> [Goal of the exercise]: Starting from the line with "coccinella in natura verde foto", please copy exactly every line to the end of the listing, but not the pictures.

> [Supplied information]:
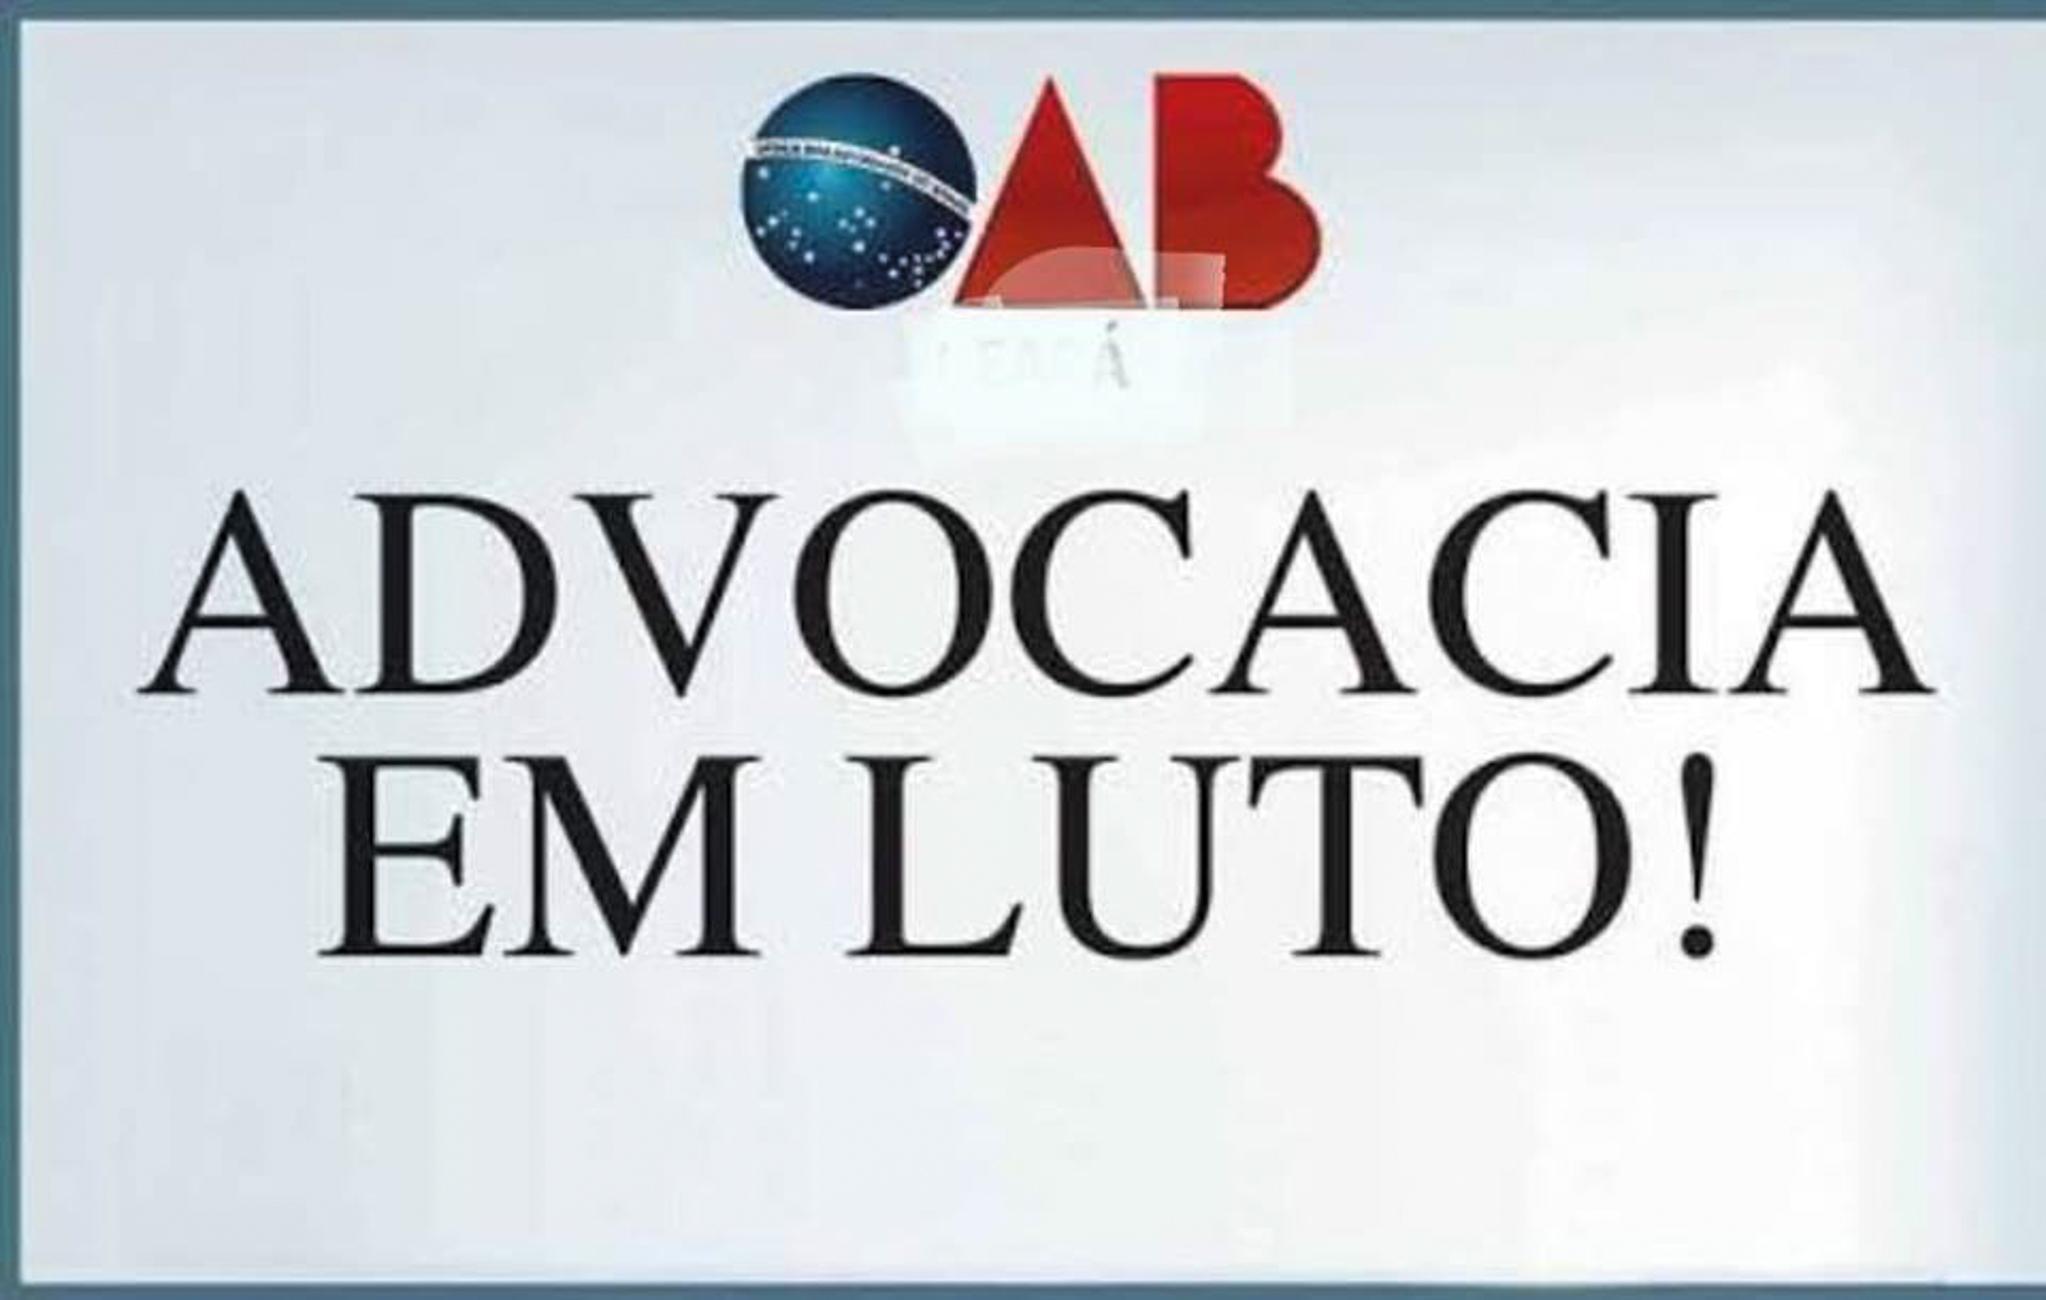 OAB decreta luto oficial de três dias após assassinato de advogado
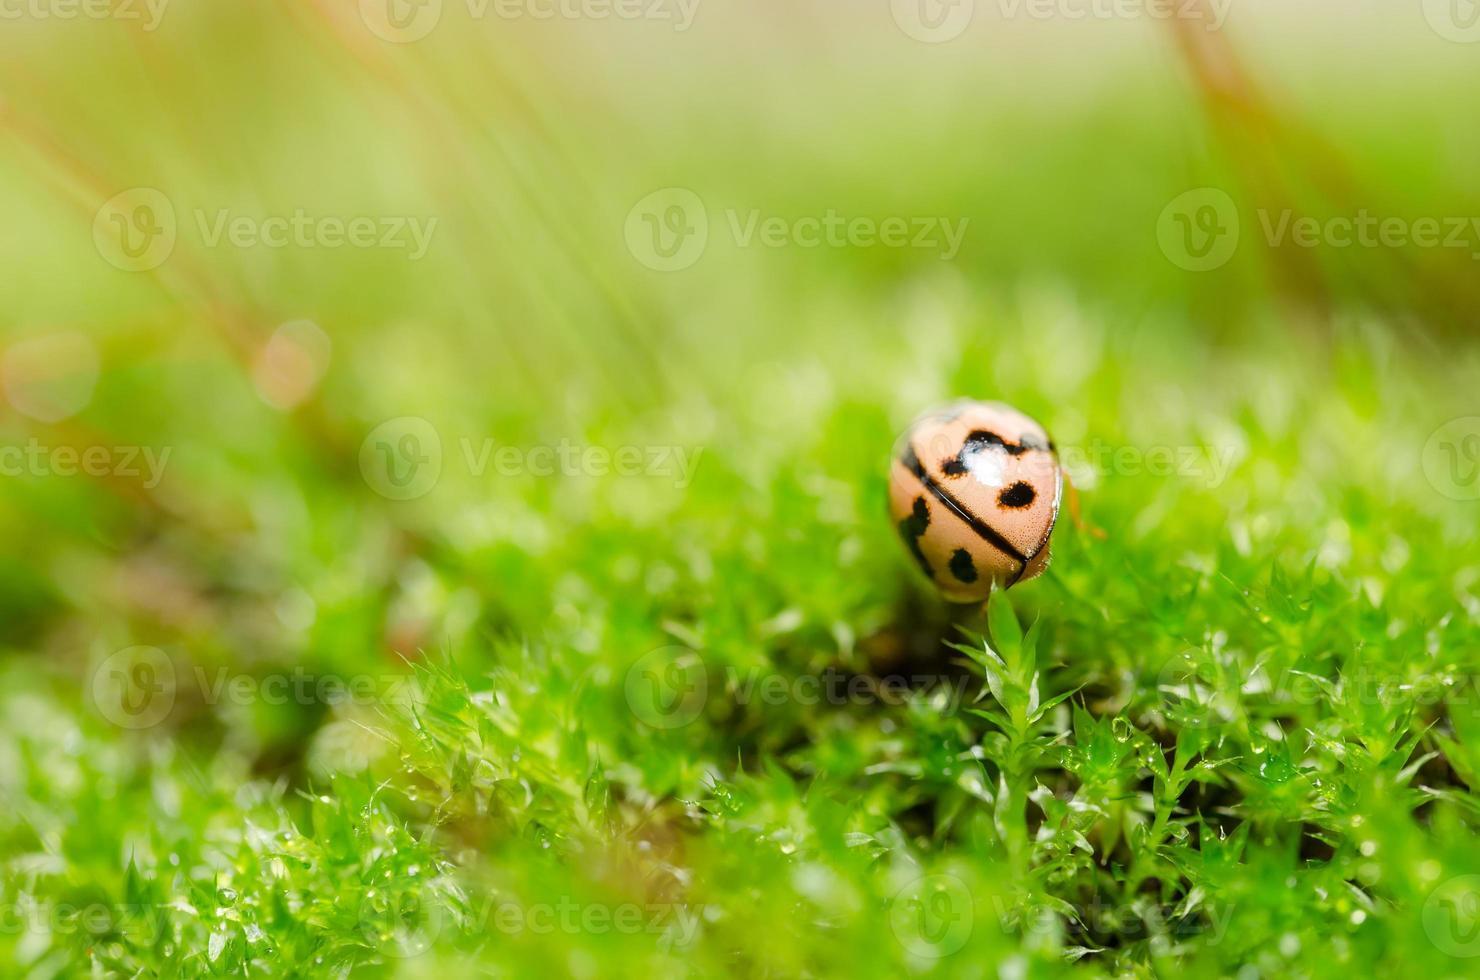 coccinella in natura verde foto
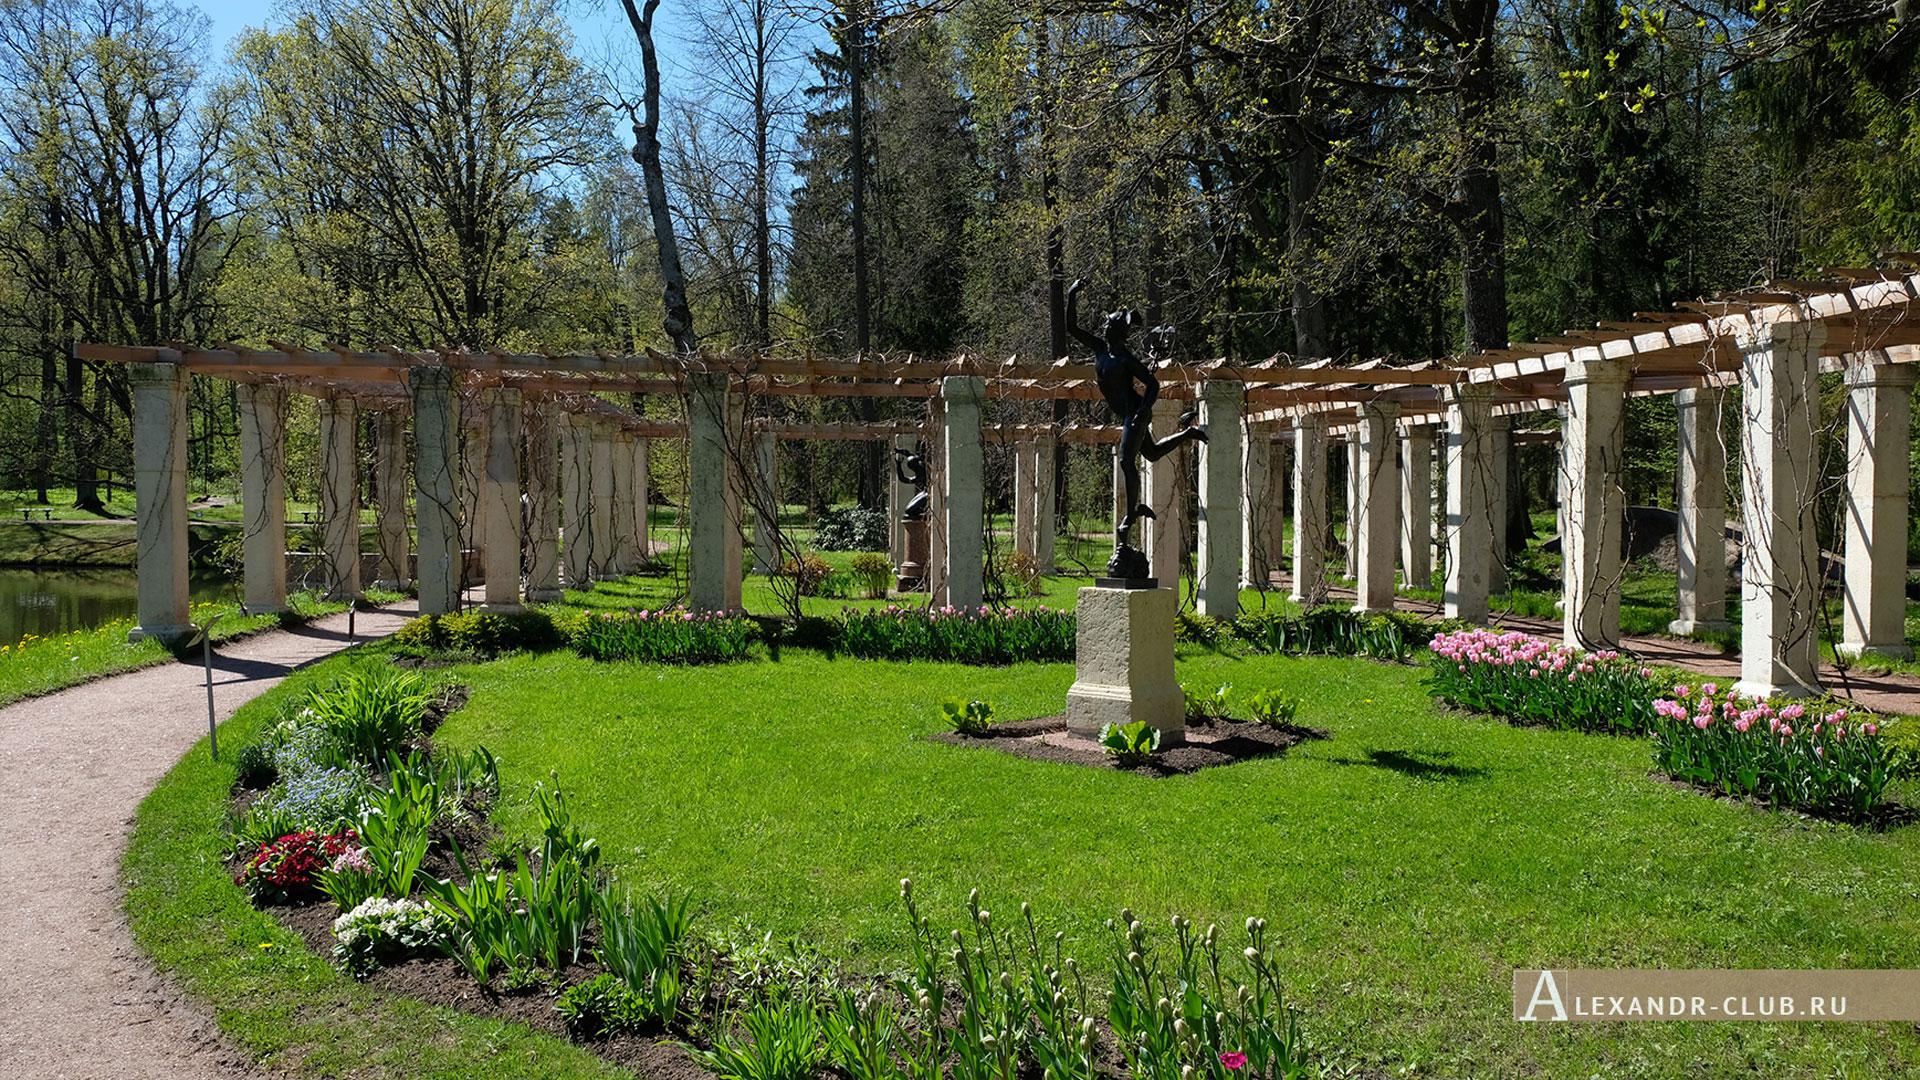 Ораниенбаум, весна, пергола

> [Written answer]:
 coccinella in natura verde foto
 Ораниенбаум, весна, пергола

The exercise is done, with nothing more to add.